Caixin
Mar 03, 2017 05:58 PM
BUSINESS & TECH

Lenovo Sells Property-Venture Stake as Earnings Sag

A man uses his laptop next to Lenovo logos during the Mobile World Congress in Barcelona, Spain, on Feb. 25, 2016. Lenovo said on Friday it will sell 49% of a China property joint venture as it continues to struggle with poor performances from its non-PC businesses. Photo: Visual China
A man uses his laptop next to Lenovo logos during the Mobile World Congress in Barcelona, Spain, on Feb. 25, 2016. Lenovo said on Friday it will sell 49% of a China property joint venture as it continues to struggle with poor performances from its non-PC businesses. Photo: Visual China

(Beijing) — Leading global PC maker Lenovo Group Ltd. said on Friday it will sell 49% of a China property joint venture, extending a series of similar sales as it struggles with poor performances from its non-PC businesses.

Lenovo said it will sell the stake in Chengdu Lian Chuang Rong Jin Investment Ltd. to a unit of real estate giant Sunac China Holdings Ltd. for 1.6 billion yuan ($232.4 million). It added that the sale will give it a pretax gain of about HK$1.7 billion ($219 million), according to a company announcement posted by the Hong Kong Stock Exchange.

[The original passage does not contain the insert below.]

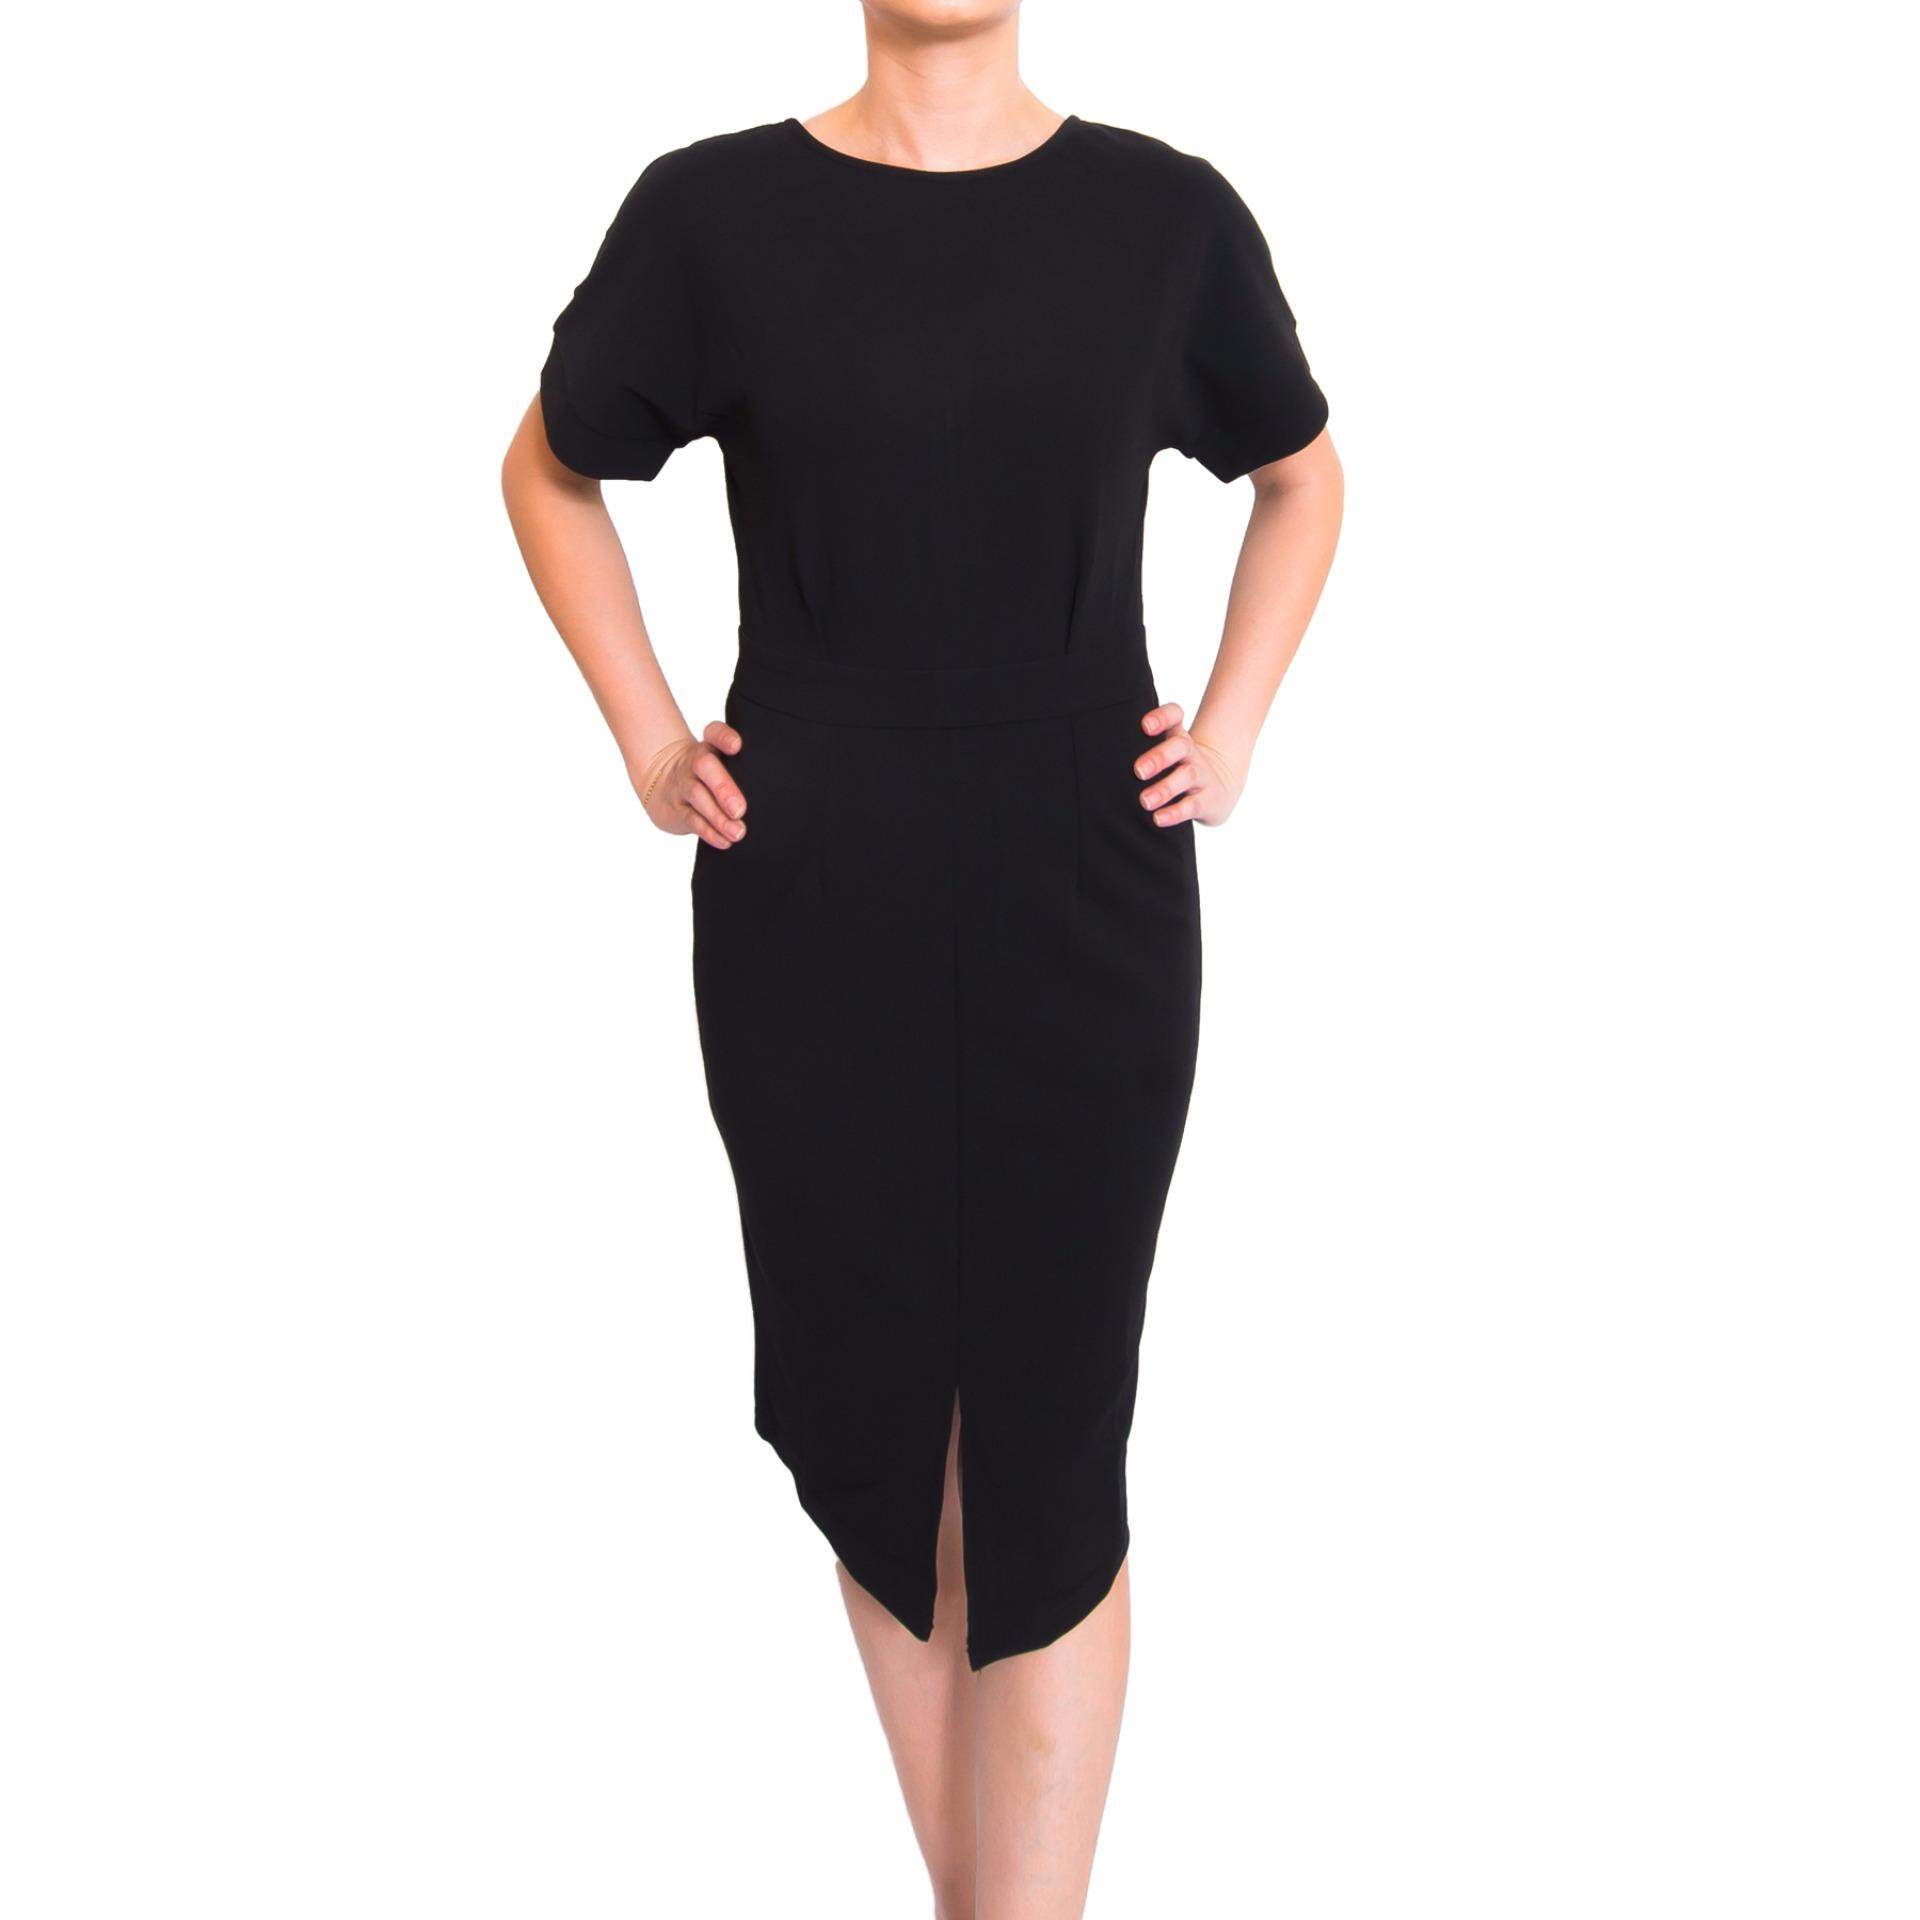 Kory & Lanza Lantern Sleeve bodycon dress in Black
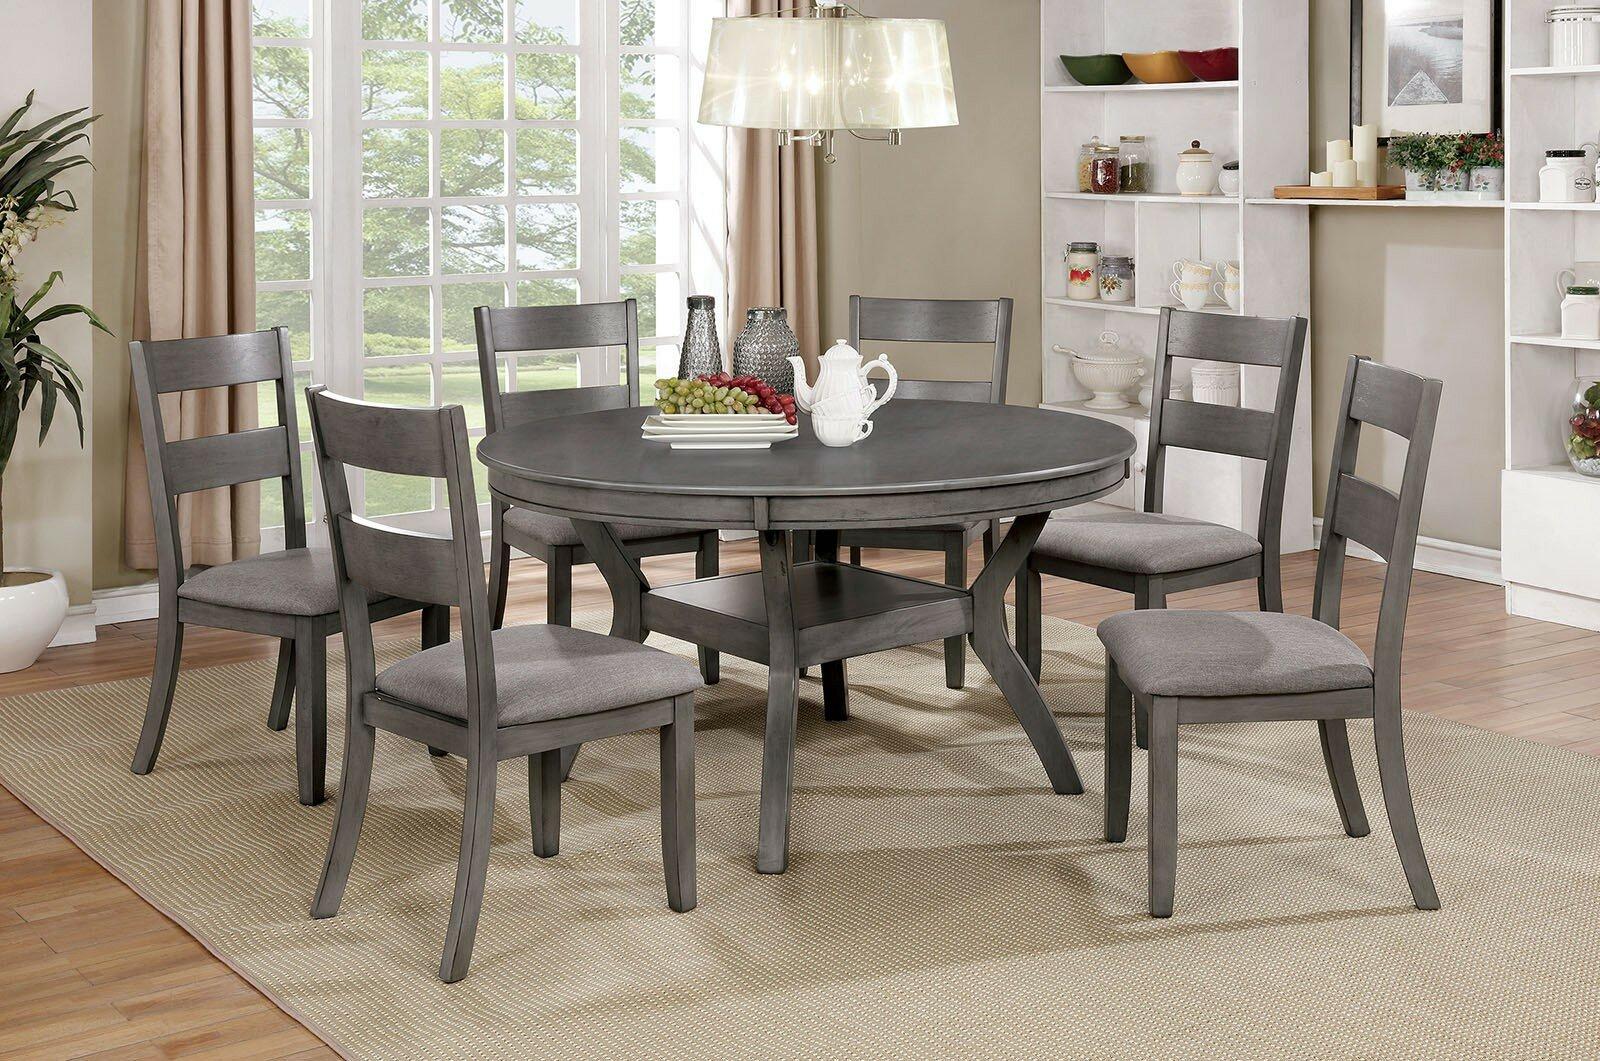 Longshore Tides Darryl Round Dining Table Reviews Wayfair

The move follows Lenovo’s sale of a research building in Beijing for about 1.8 billion yuan last September. Its parent, Legend Holdings, also sold 41 properties spread across various cities to Sunac for nearly 13.8 billion yuan.

The sales come amid tumbling profits for Lenovo as it fails to gain traction for its smartphones, seen as an eventual replacement for its older PC business. The company’s profit plunged by two-thirds in its latest fiscal year, as its PC sales only managed weak growth due to brutal competition in a maturing PC market, and its younger smartphone business kept shrinking.

Last month, Lenovo reported its net profit dropped 67% year-on-year to $98 million in its fiscal third quarter, while revenue fell 6% to $12.17 billion. That included a 26% drop for its sputtering smartphone business.

“The gain will be used in raising capital to fund Lenovo’s operation and investment,” Chairman Yang Yuanqing said in the filing.

The purchase is part of a recent buying spree for Sunac. In January, it bought 6.25% of Beijing Homelink Real Estate Brokerage Co. Ltd. for 2.6 billion yuan, and 6.17% of Jinke Property Group Co., Ltd. for 1.7 billion yuan. The purchase will help increase Sunac’s market share and land reserve in the cities of Hefei and Wuhan, the Chinese developer said.